7Herodes liet de magiërs in het geheim bij zich komen. Nadat hij precies had uitgezocht wanneer zij de ster voor het eerst hadden gezien, liet hij hen gaan en zei: 8‘Ga naar Bethlehem en zoek het kind. Als u het hebt gevonden, kom dan terug om mij er alles over te vertellen. Want ik wil Hem ook eer gaan bewijzen.’ 9Nadat ze de koning hadden aangehoord, reisden de magiërs verder. Tot hun verrassing ging de ster die zij hadden zien opgaan, voor hen uit en bleef stilstaan boven het huis waar het kind zich bevond. 10Toen ze dat zagen, werden ze enorm blij. 11Zij gingen naar binnen en vonden het kind en zijn moeder Maria. Vol eerbied knielden zij voor Hem neer. Zij gaven Hem kostbare geschenken: goud, wierook en mirre.

12Maar zij gingen niet via Jeruzalem naar hun land terug. God had hen in een droom gewaarschuwd niet bij Herodes langs te gaan.
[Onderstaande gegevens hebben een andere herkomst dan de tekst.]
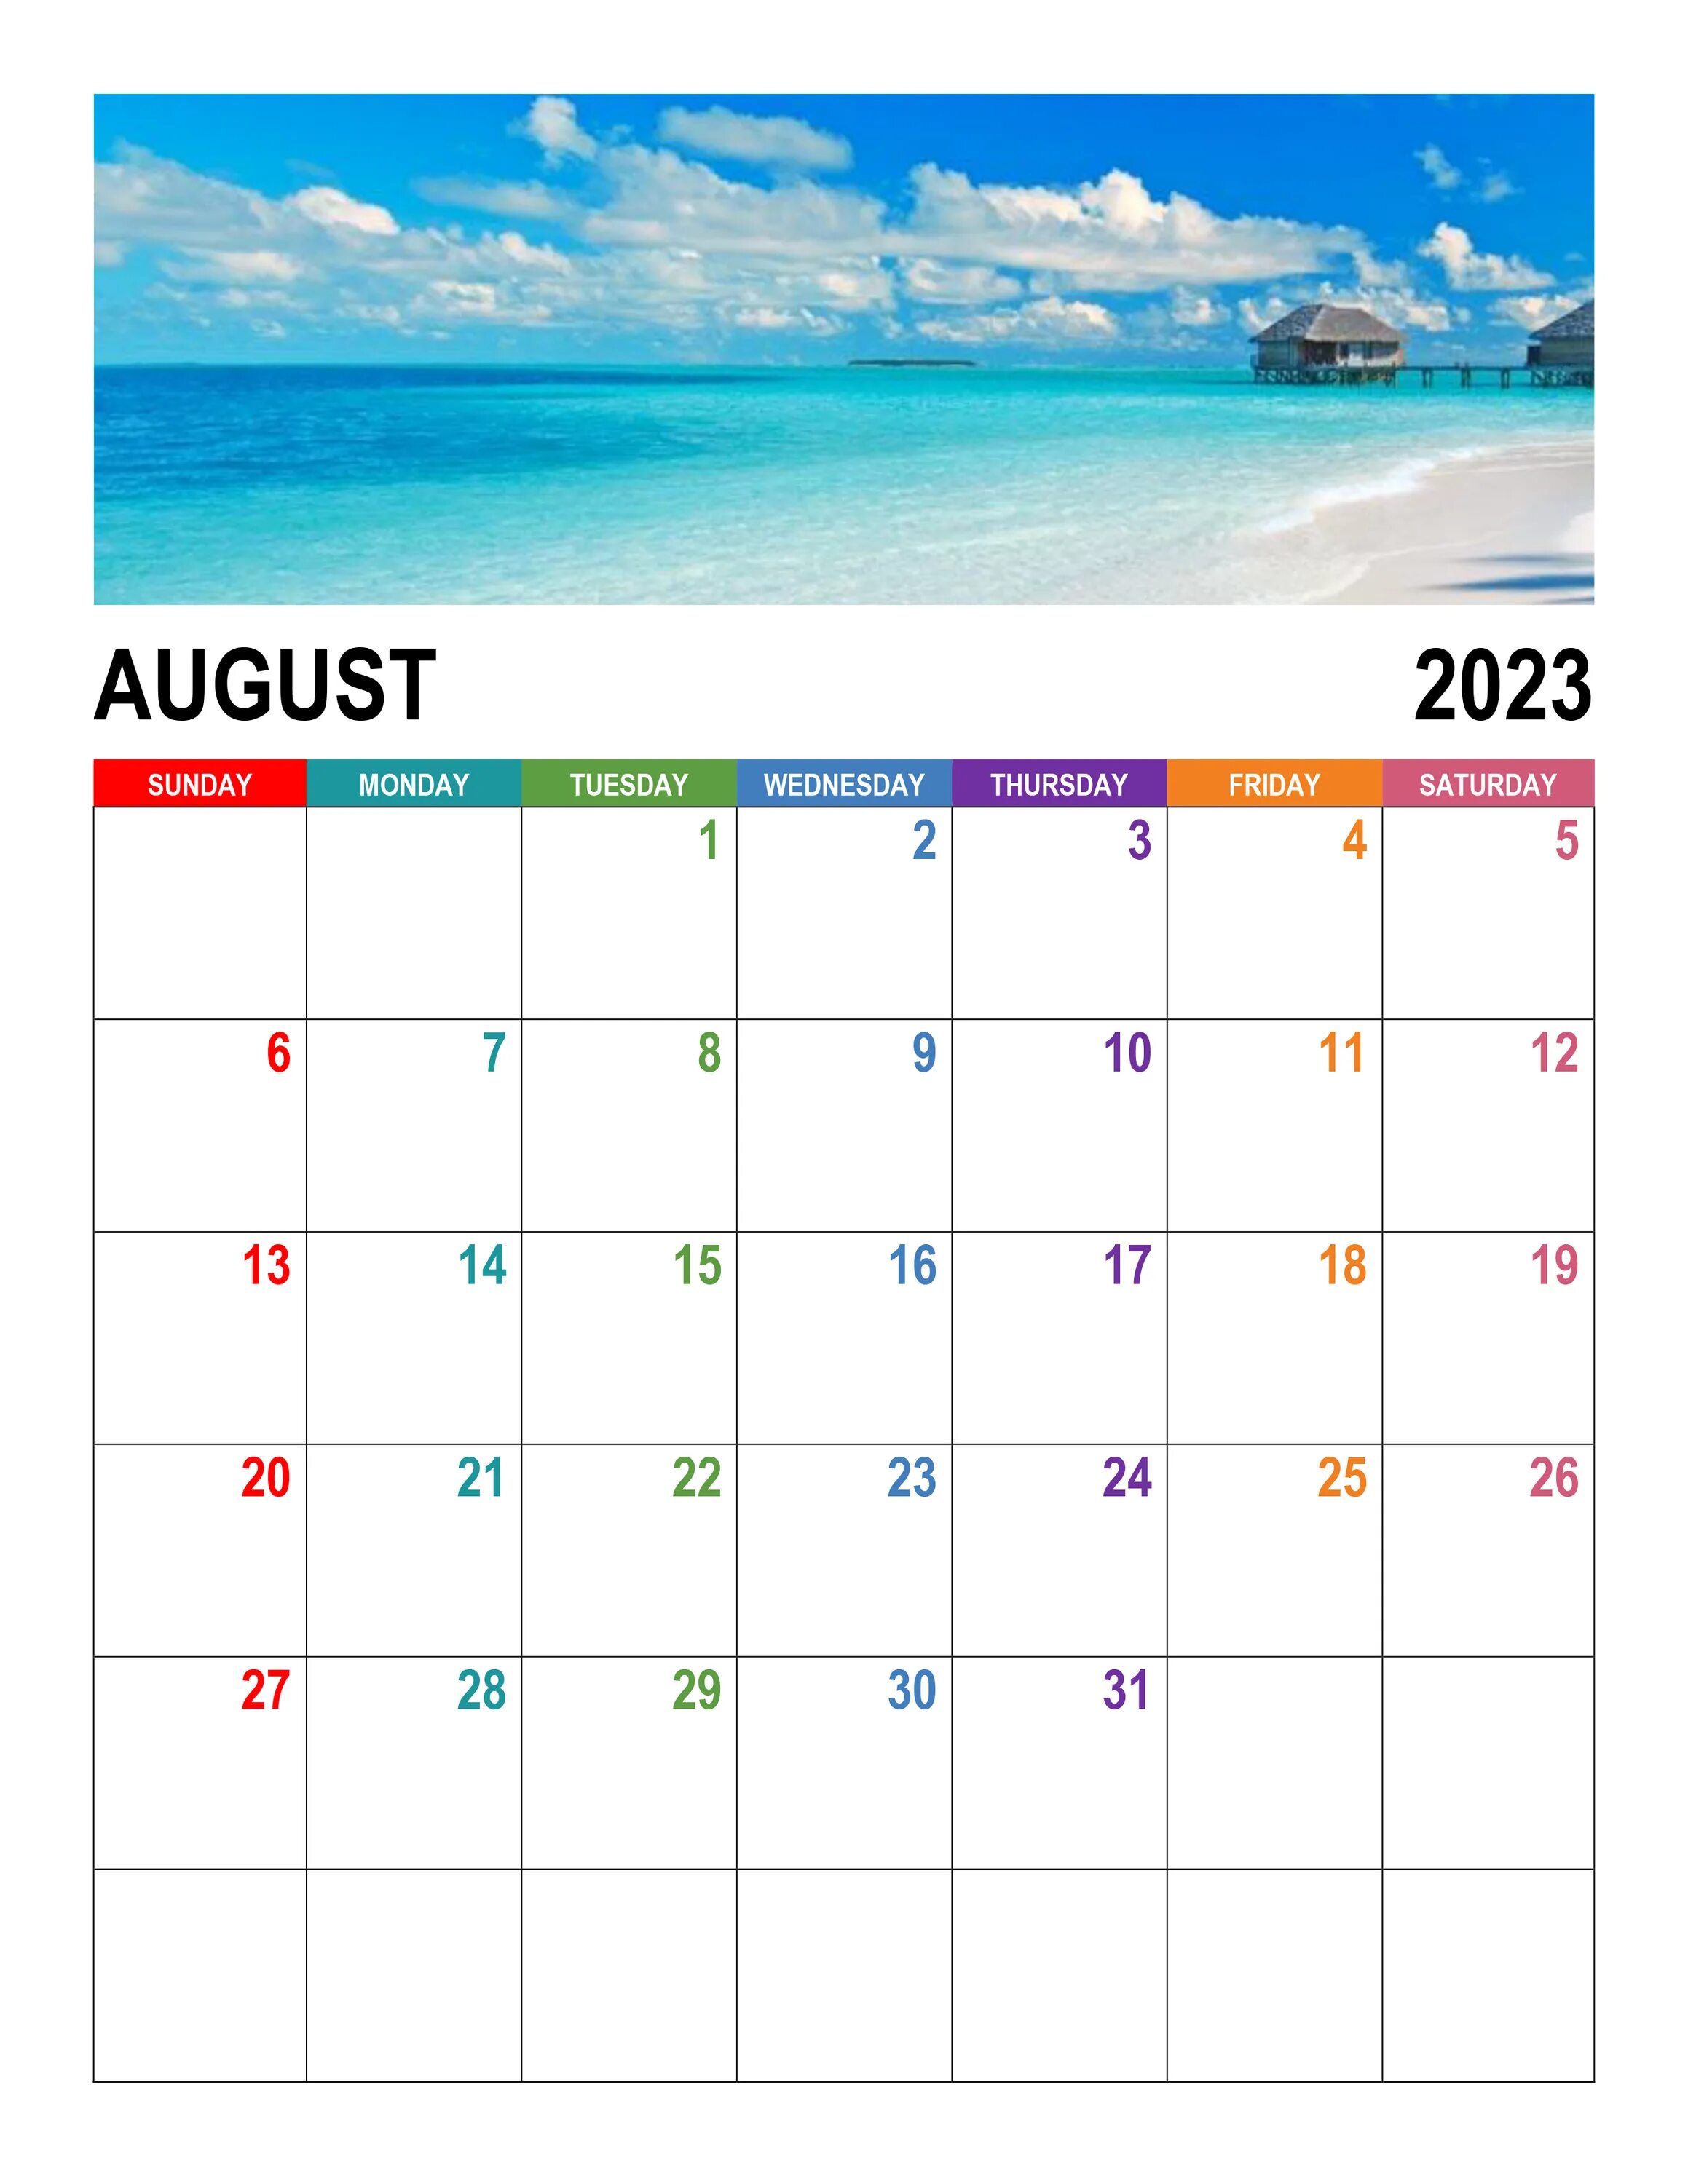 Календарь август 24. August 2023. Календарь август. Календарь август 2023. Календарь на август 2023 года.

Daarom kozen zij een andere weg.

13Nadat zij waren vertrokken, verscheen aan Jozef een engel van de Here in een droom en die zei: ‘Vlucht met het kind en zijn moeder naar Egypte en blijf daar tot ik zeg dat u kunt terugkomen. Want Herodes zal alles doen om het kind te doden.’ 14Jozef stond meteen op en vertrok nog diezelfde nacht met Maria en het kind naar Egypte. 15Hij bleef daar tot Herodes gestorven was. Daarmee werden de woorden van de profeet Hosea werkelijkheid: ‘Uit Egypte haalde Ik mijn zoon.’

16Herodes werd woedend toen hij ontdekte dat de magiërs hem misleid hadden. Hij gaf de opdracht om in Bethlehem en de hele omgeving alle jongens van twee jaar en jonger te doden. De magiërs hadden namelijk gezegd dat het ongeveer twee jaar geleden was dat zij de ster voor het eerst hadden gezien. 17Zo gebeurde wat de profeet Jeremia al lang geleden had gezegd: 18‘In Rama wordt luid gehuild en gejammerd, Rachel huilt om haar kinderen en wil zich niet laten troosten, omdat ze er niet meer zijn.’

19Na de dood van koning Herodes zag Jozef in een droom opnieuw een engel van God. 20Hij zei: ‘Ga met het kind en zijn moeder terug naar Israël. Want de mensen die Hem wilden doden, zijn gestorven.’ 21En Jozef ging met zijn gezin naar Israël terug. 22Hij durfde echter niet naar Judea te gaan, omdat hij had gehoord dat Herodesʼ zoon Archelaüs daar nu de macht in handen had. In een droom zei God hem naar de provincie Galilea te gaan. 23Daar gingen zij wonen in de stad Nazareth. Dat klopte met wat de profeten hadden voorspeld: ‘Hij zal Nazarener genoemd worden.’